:: Task requirements ::
Using the data that follows, give again word for word the lines between the one holding "This old map" and the one holding "Mysterious Woman in", inclusive. Omit the pictures.
━━━ Input data ━━━
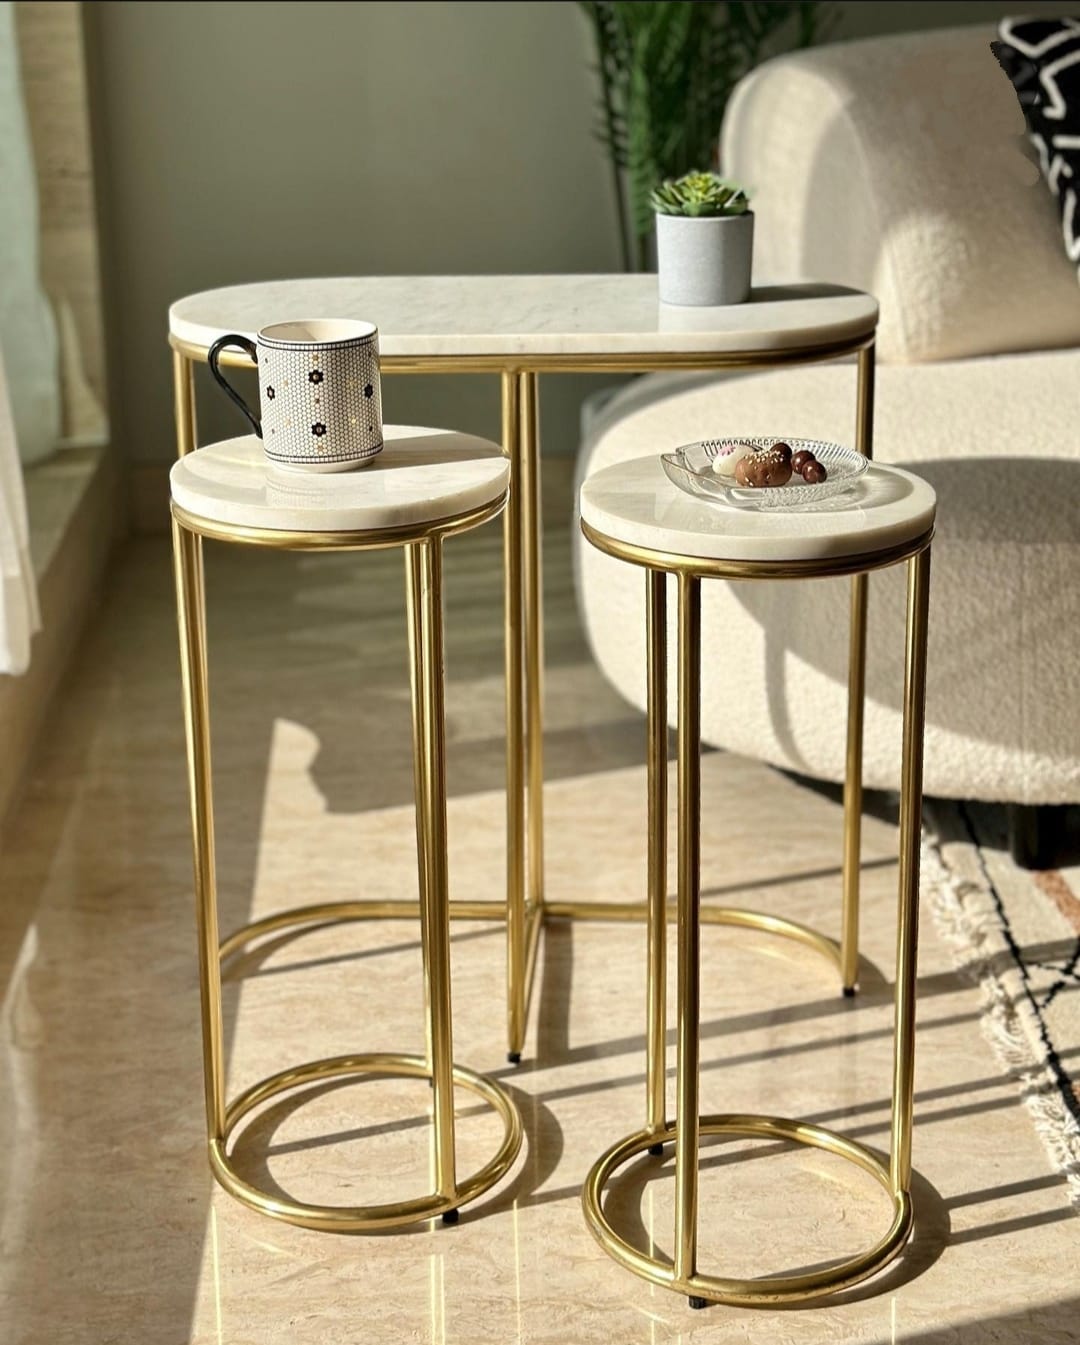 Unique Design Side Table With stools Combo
━━━
━━━ Input data ━━━
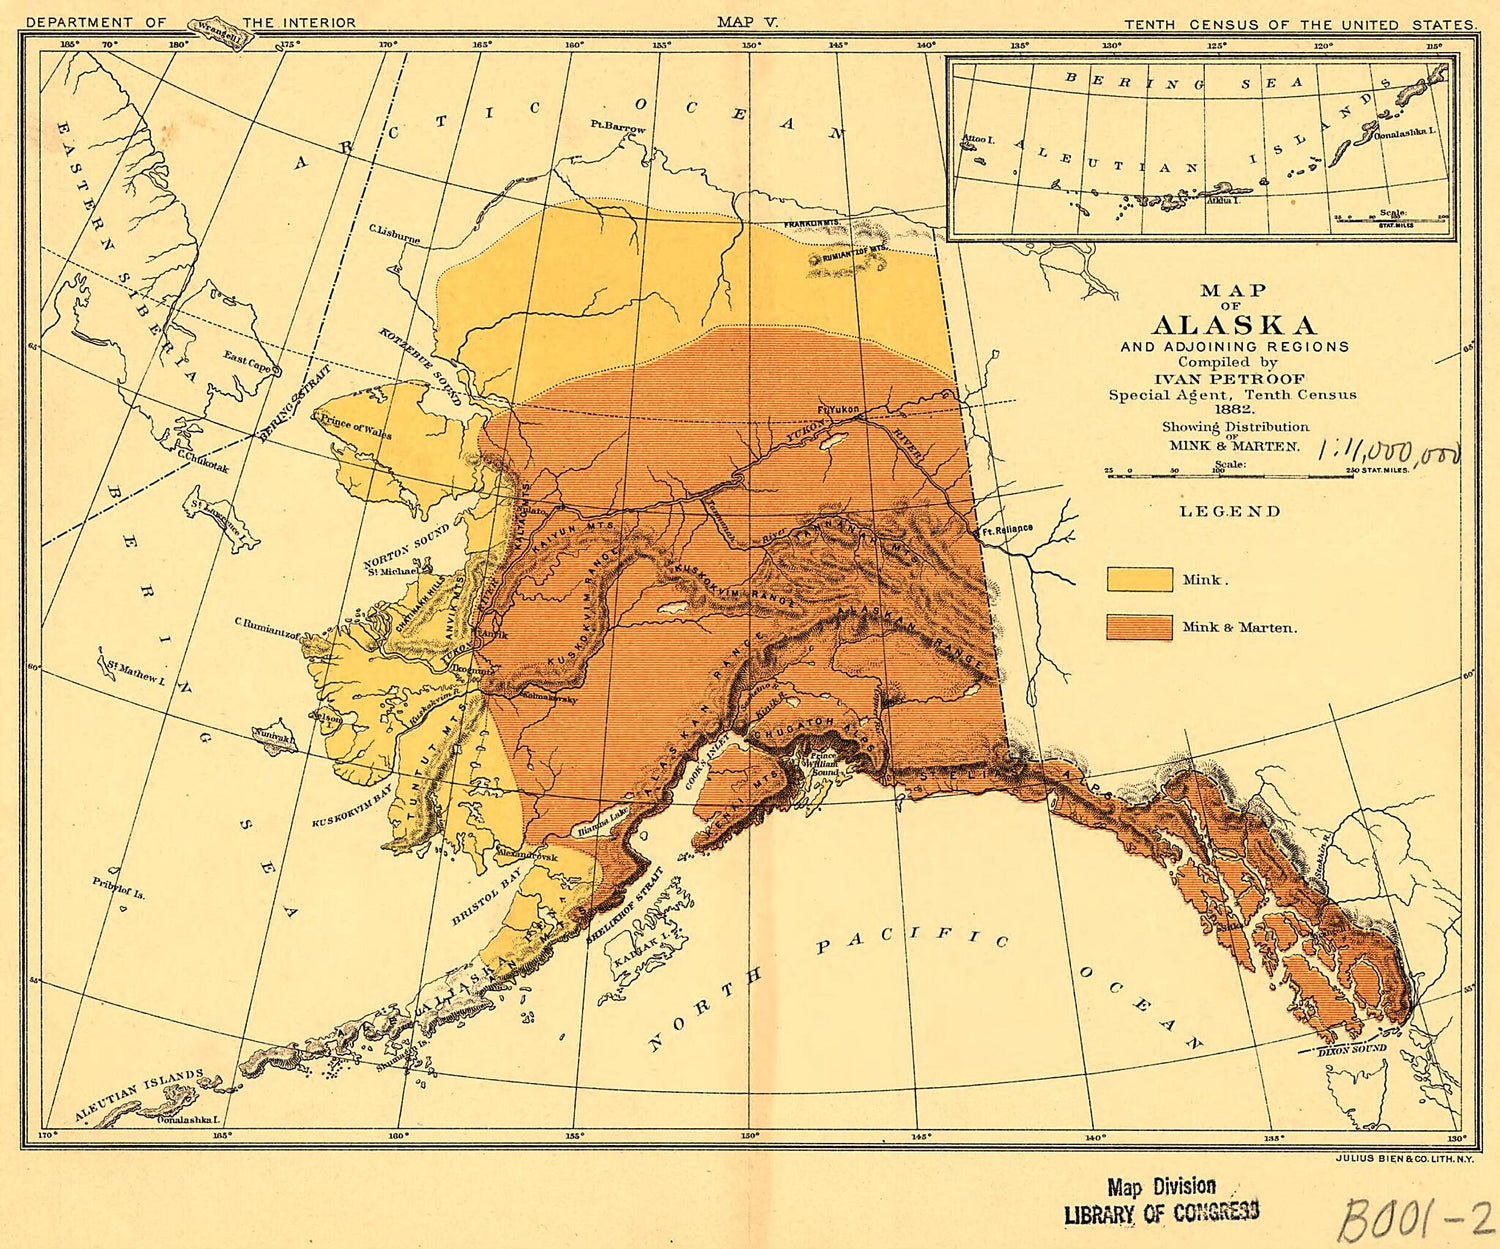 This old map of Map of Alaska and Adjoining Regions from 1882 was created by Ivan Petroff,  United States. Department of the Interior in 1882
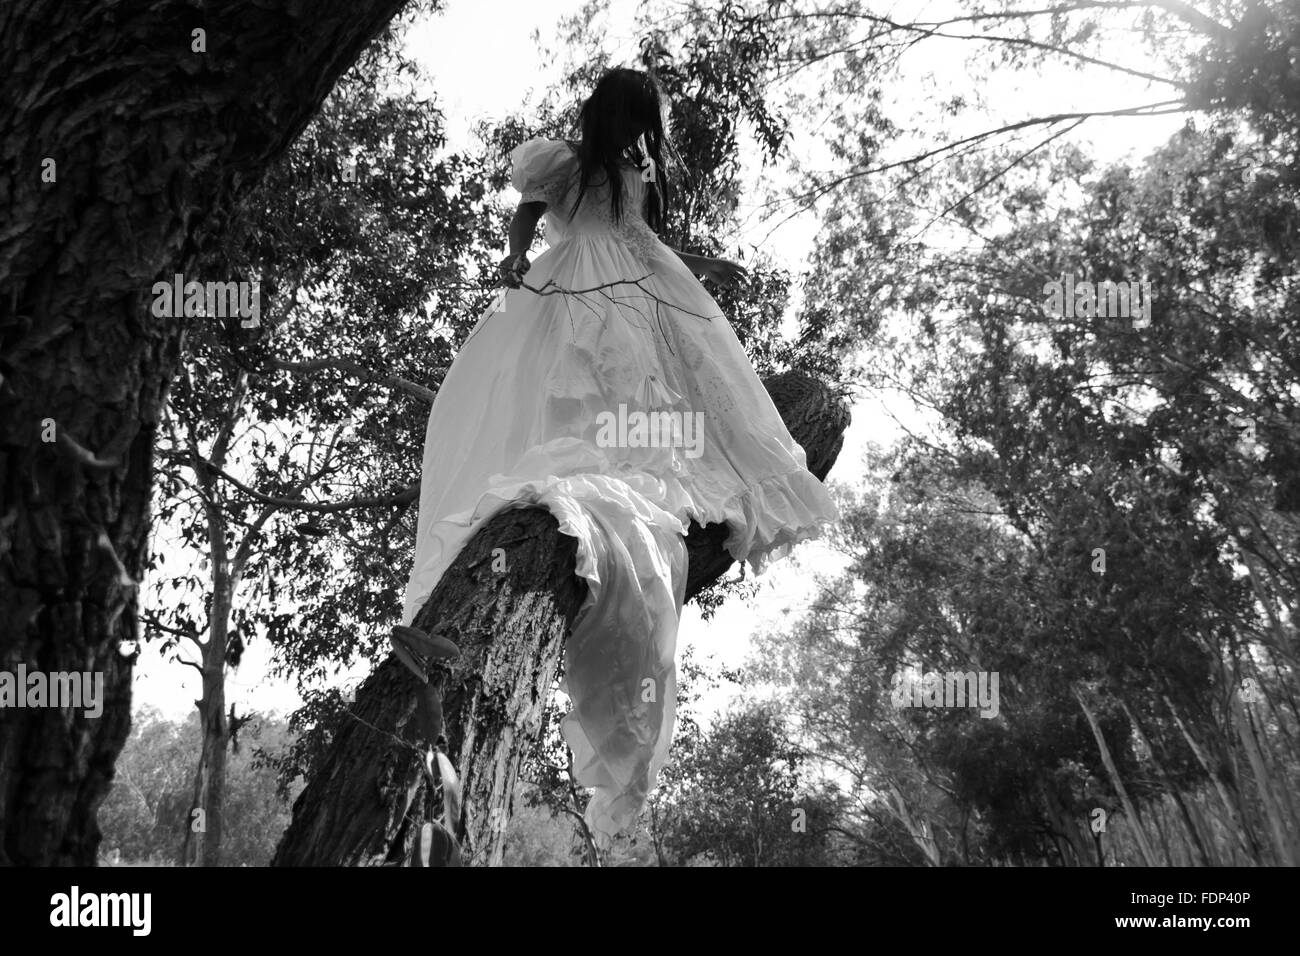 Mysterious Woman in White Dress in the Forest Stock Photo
━━━
:: Your response ::
 This old map of Map of Alaska and Adjoining Regions from 1882 was created by Ivan Petroff,  United States. Department of the Interior in 1882
 Mysterious Woman in White Dress in the Forest Stock Photo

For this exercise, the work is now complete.